As scientifically minded blog readers will know, there's been a surge of recent criticism of the detox industry. Ben Goldacre has weighed in, as has David Colquhoun. This is well-deserved. The Mercury piece provoked my mate Dave to write in - here's his letter (I don't know yet whether they'll print it):
Dear Sir,If the letter is published and I notice, I'll post an update. It's hard to read the Mercury every day, so I might not notice. (The offending article, by the way, is cut and pasted from, according to the attribution, the Belfast Telegraph.)
In your edition of 8 January you include an article headed "A detox takes a lot of will-power, but it is definitely worth it" (page 8). In the article you parrot a number of claims regularly made by the detox industry as though they are true. You give no evidence.
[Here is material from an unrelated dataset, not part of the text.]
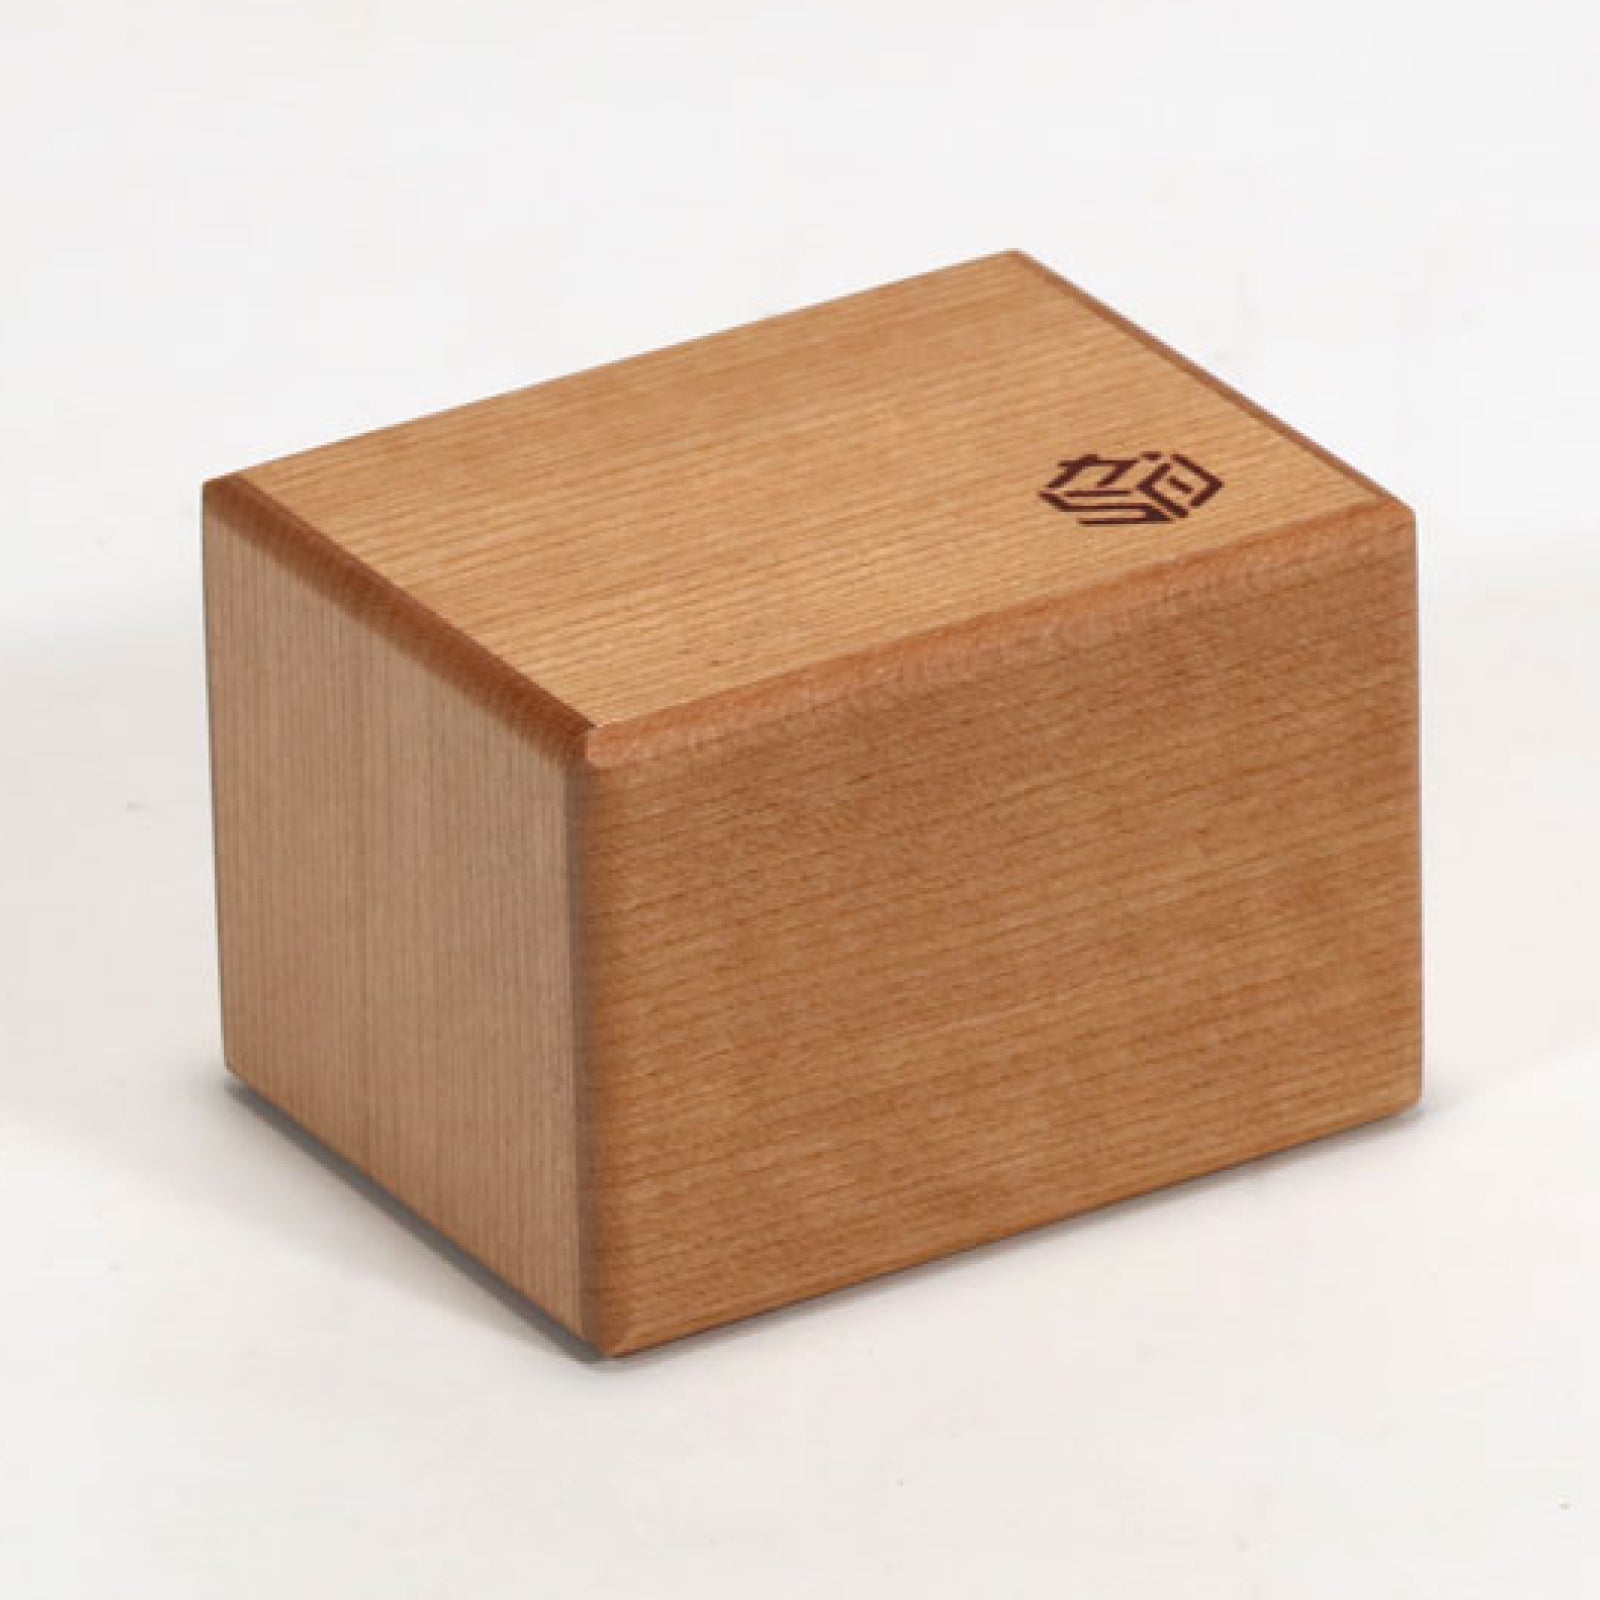 Karakuri Small Box #2 - Level 4 (Maybe??) - Karakuri Creation Group

In fact, you could give no evidence. No scientifically rigorous clinical trial has ever shown a measurable benefit of a "detox" regime, and the pseudoscientists who peddle them barely agree about what "detox" amounts to. Some of the purgative measures suggested are potentially dangerous. Vitamin supplementation gives either no benefit, or (again, according to clinical trials) in the case of high dosage anti-oxidant supplements can be positively harmful. Everyone should get a decent amount of exercise and eat healthily most of the time, perhaps especially after festive over-indulgence. That much is obvious. Your uncritical regurgitation of unsubstantiated pseudo-science passed of as journalism is shameful, and given that the topic is human health, dangerous.
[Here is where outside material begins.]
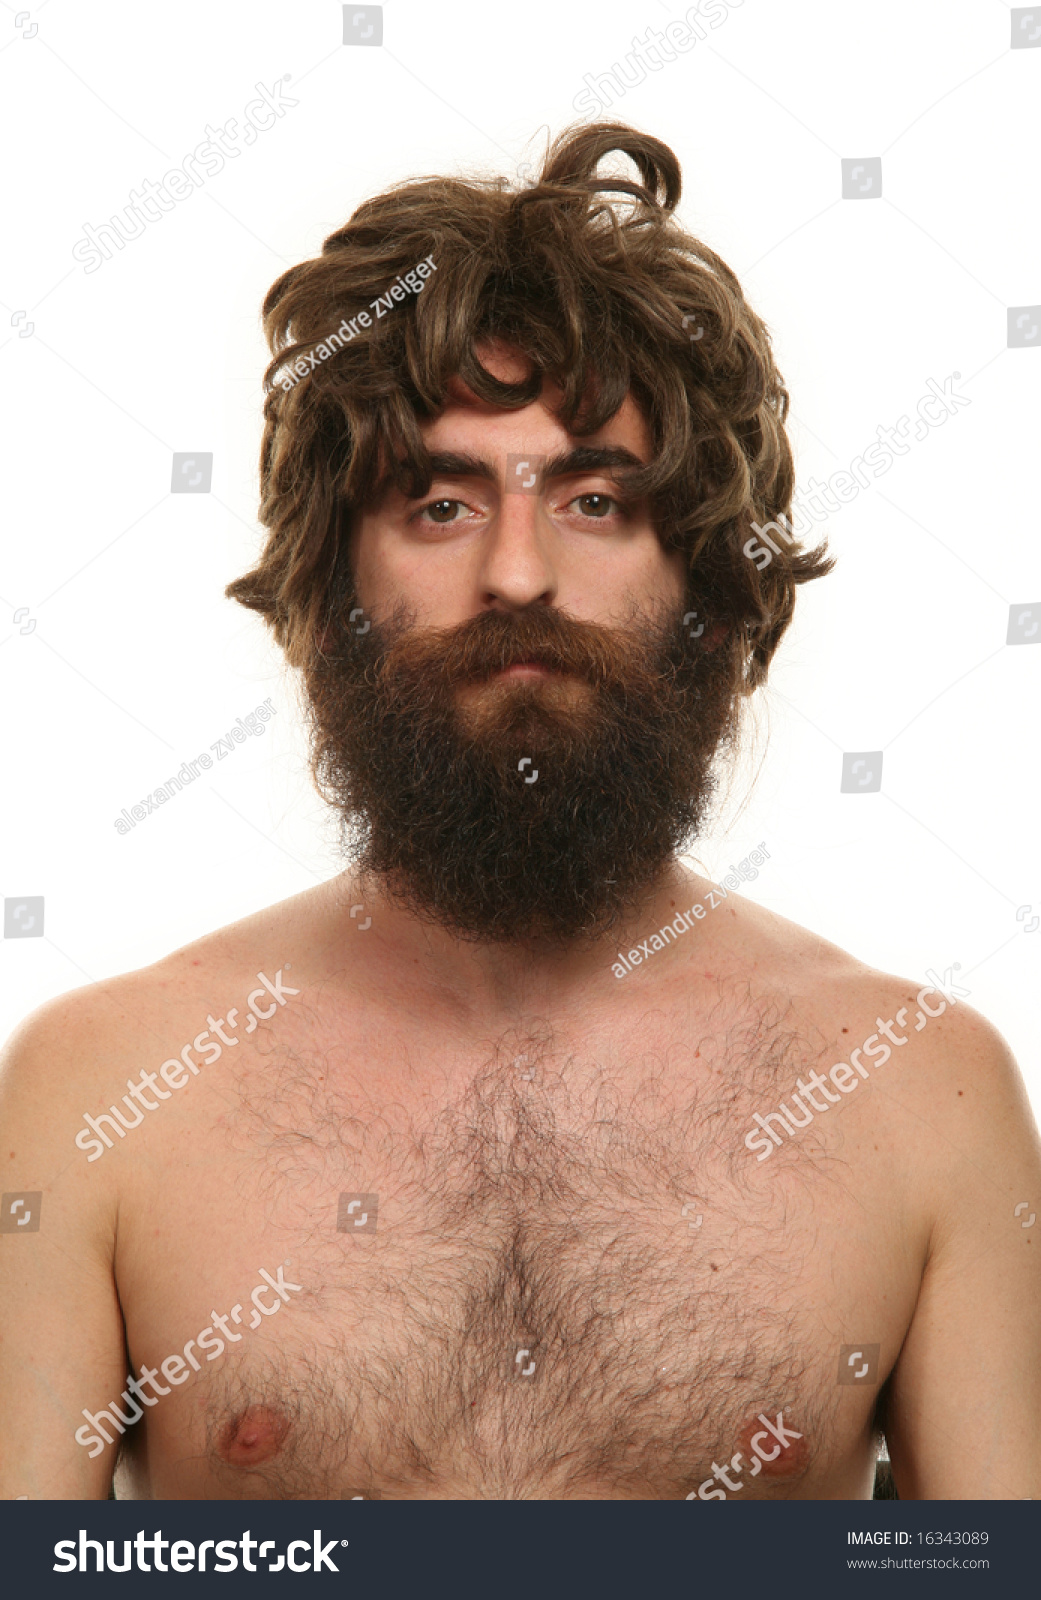 стрижка волос на груди у мужчин фото 54

*Note on the picture: As usual, I'm grabbing something that comes up high on a Google Images search for a keyword. This picture is from a gallery of frankly rather striking images at Dr Natura. Only the very strong of stomach should browse this gallery while consuming a chili dog.
3 comments:
Nicely done.
-John
Thanks, John. I figure it's time to start naming and shaming, and otherwise making a bit more noise. Let's see if there are any cool adverts for woo-products in the weekend papers...
That gallery is NASTY. I'm very glad that there's no protocol for electronic transmission of scent. That can wait until Web 3.x or later.